Thanks gwgmer, will give it a try, I had confirmation from another post that one guy with the same problems changed the LCD and it worked ok, so there is still HOPE 
Will post back with the results!


----------



## patrulheiro (Dec 11, 2008)

No dice guys! Receive the new LCD but same problem. Might give Dell a call, wondering if I order a new cable would I get any results??


----------



## nikkioanderson (Dec 3, 2012)

Hey...know this is old but I am now having the same problem. I guess I was hoping you found the solution at some point. How did you fix it/how much did you pay to fix it? I have a new screen on the way but if it turns out to be a board issue should I just sell for scrap?


----------



## gwgmer (Sep 27, 2011)

> Hey...know this is old but I am now having the same problem. I guess I was hoping you found the solution at some point. How did you fix it/how much did you pay to fix it? I have a new screen on the way but if it turns out to be a board issue should I just sell for scrap?
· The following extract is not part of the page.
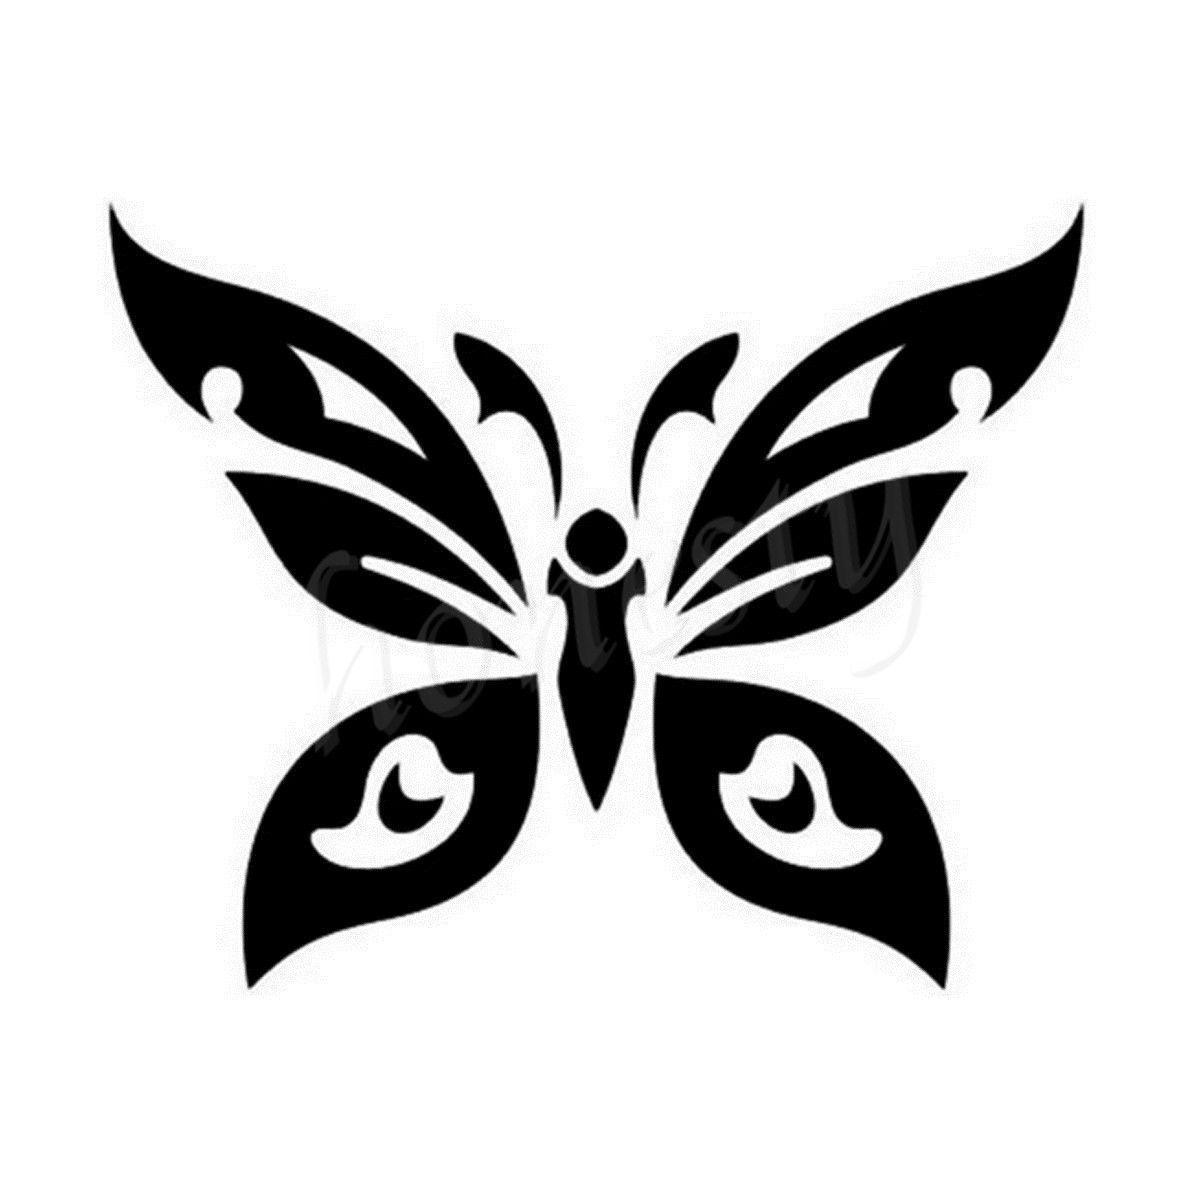 Fairy Free Tattoo Stencil Free Tattoo Designs For Women Customized Fairy Tattoos Free Fairy Tinkerbell Tattoos Free Printable Tattoo Stencils Free Printable

Like I said a bit earlier in the thread, swapping out the LCD didn't work for me, and I'm pretty sure the guy ended up getting a new machine.
This doesn't mean that getting the new LCD won't work for you. Hopefully it will. But if it doesn't, I don't think there's a whole lot you can do.


----------



## patrulheiro (Dec 11, 2008)

gwgmer said:


> Like I said a bit earlier in the thread, swapping out the LCD didn't work for me, and I'm pretty sure the guy ended up getting a new machine.
> This doesn't mean that getting the new LCD won't work for you. Hopefully it will. But if it doesn't, I don't think there's a whole lot you can do.


Agree!
Had the same problem, tried new LCD, new cable but end up being a problem with the motherboard. I'm currently using as a media server where I RDP to it if I have to do any work


----------



## PetranGR (Sep 9, 2014)

Hello to all ,

I have the same problem as all of you said.

My laptop shows in external monitor but NO in the internal.

You turn it on,and you see the "really black" coming on , like the electricity is going through the system.

I have changed panel ,but with no result.
I am waiting for the new cable, to be arrived at my home next week. To see if i get any luck.

The connection of the PKL_LED in the schematics is clear , soldered good.

Any thoughts ?


----------